Analysis Of Net Profit Minus Cash Content
Net profit
In contrast to cash flow, net profit (income) is formed on the basis of accrual basis, based on the ratio of cost to income and causality.
Cash flow is a reflection of cash in and out.
The difference between net profit and cash flow is not only reflected in quantity, but also plays a different role in evaluating the financial situation of enterprises.
The net profit and cash flow of the company are exactly the same in the whole period of existence, but it is a coincidence that the amount is the same in a certain accounting period.
The difference between the two is due to the adoption of different accounting concepts and time lapse.
Formula: net profit, cash content = net cash flow / net profit
Net cash flow is calculated based on cash flow and net profit is based on cash flow.
Accrual basis
Calculated, for example, a company receives a large amount of advance payments, does not confirm revenue, does not calculate profits, but receives cash, so this proportion will be very high.
The bank is a special industry. The cash flow on which it is based is not based on sales. What he calls income is loan interest and expenditure refers to depositors' interest on deposits, interest on lending and so on.
The cash flow of banks depends on the acquisition of deposits and the recovery of loans. Therefore, negative indicators for a certain period of time do not account for the performance of banks. This indicator is of little reference value to the banking industry.
It is manifested in the following aspects:
1, capital expenditure.
Capital expenditure is a cash outflow when payment is made, but in the future it will be used as a write off in the form of depreciation in its estimated useful life.
Therefore, in any accounting period, if the capital expenditure exceeds depreciation, the excess amount is the amount of cash flow less than the net profit; on the contrary, it is the opposite.
2. Inventory turnover.
Stock
The increase in purchase is a cash outflow when payment is made, and it can be written off only if the net profit is sold later.
Therefore, during an accounting period, if the stock is increased, the cash flow will be lower than the net profit. The lower amount is the increase; if the inventory or WIP is reduced, of course, the opposite is true.
3. Accounts receivable and payable.
Account receivable reflects credit sales and accounts receivable corresponding credit purchase expenses at the invoice stage, the profit is calculated, and only when cash settlement is used later is the increase or decrease of cash flow.
Therefore, if the accounts receivable increase during an accounting period, the cash flow will be lower than the net profit; if the accounts payable increase, the cash flow will be higher than the net profit.

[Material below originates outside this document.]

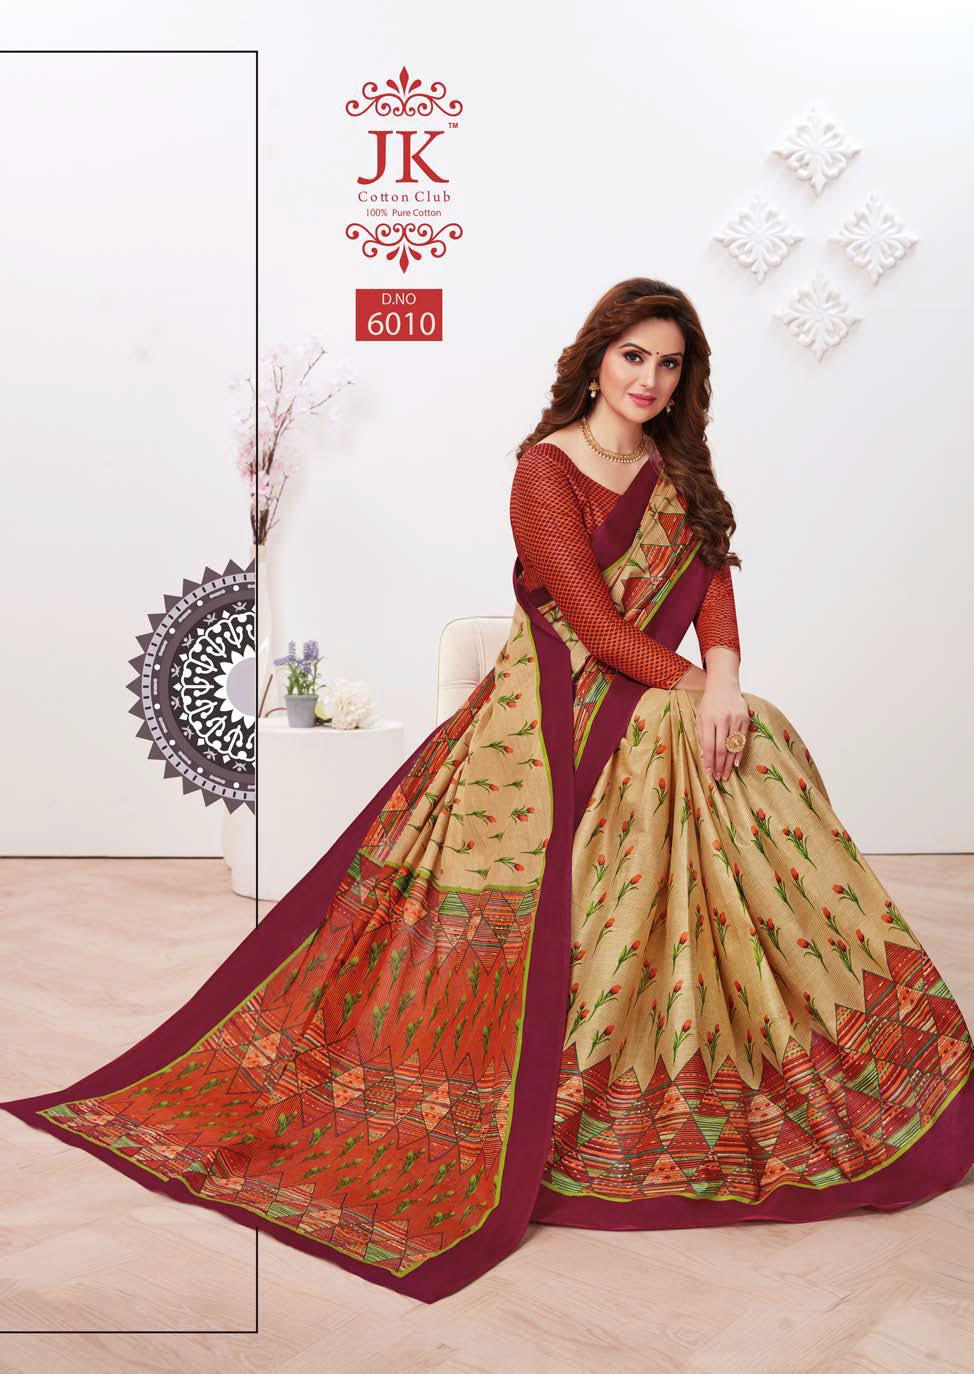 JK Tulsi Vol 6 B Saree Sari Wholesale Catalog 10 Pcs 8 - JK Tulsi Vol 6 B Saree Sari Wholesale Catalog 10 Pcs

On the contrary, the opposite is true.
4, the flow of additional funds.
There are additional funds to enter enterprises or enterprises to repay loans, all of which are cash flows, but only have some impact on the balance sheet, and have no effect on net profit.
It is precisely because of the above four constraints that the difference between net profit and cash flow is formed.

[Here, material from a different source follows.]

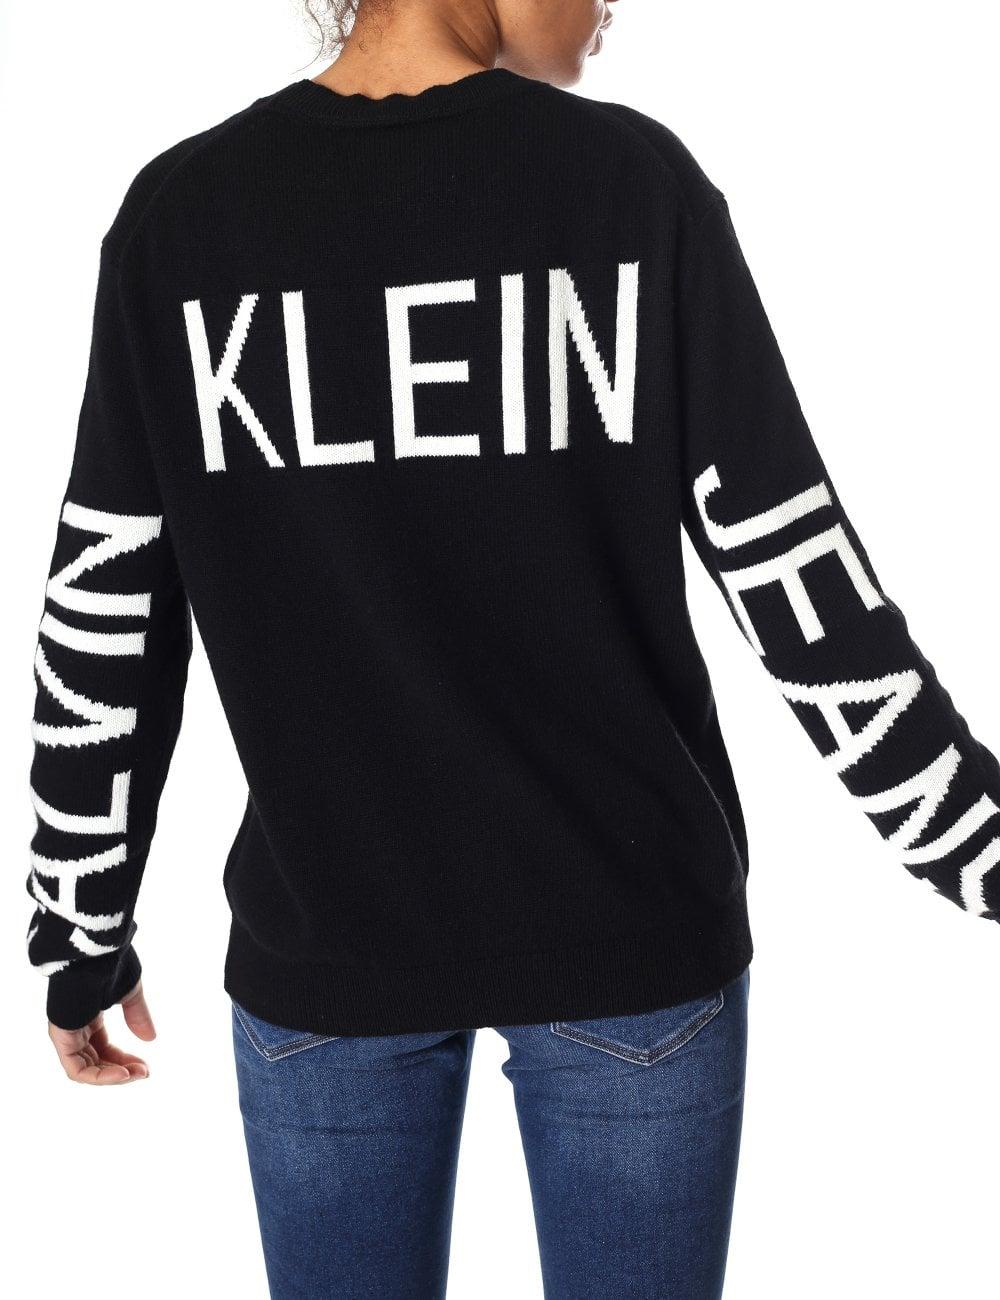 a93af3d0 ... Calvin Klein Institutional Back Logo Jumper. Tap image to zoom. Institutional  Back Logo Jumper

An unfortunate fact in the production and operation of enterprises is that when the enterprise is expanding, capital expenditure will exceed depreciation, and all kinds of inventory turnover will also increase. At the same time, receivables and payables will also increase. Therefore, profitable expansion must be accompanied by excessive negative cash flow. This phenomenon is known as "over operating capital operation", that is, when expansion does not properly control negative cash flow and capital needed to increase investment. This is a common cause of enterprise bankruptcy. It is also the reason why enterprises lose money and the cash flow of operating activities is positive, or the cash flow of operating activities is negative.
Net cash content is negative, but the net inflow of cash is negative, not the company's lack of money.
Why some companies are profitable but do not have enough cash to pay wages, dividends and debt repayment. Some companies are not profitable but have enough cash to pay.
So, how to explain this phenomenon? We think that the reasons can be revealed by "net cash content" and "net cash operating activity cash content" index.
The net profit, cash content = net cash increase / net profit. The index reflects the reliability of the enterprise's net profit in the current period. If the index is greater than 1, it reflects sufficient net cash protection for the current net profit of the enterprise. Conversely, if the index is lower than "1" for a long time, it means that assets that have been identified as profits may contain fictitious assets that can not be converted into cash flows, such as accounts receivable or sluggish inventories which can not be recovered for a long time.
Net profit, cash content of business activities = net cash flow / net profit of operating activities. This index reflects the guarantee level of cash flow of net profit in current business activities.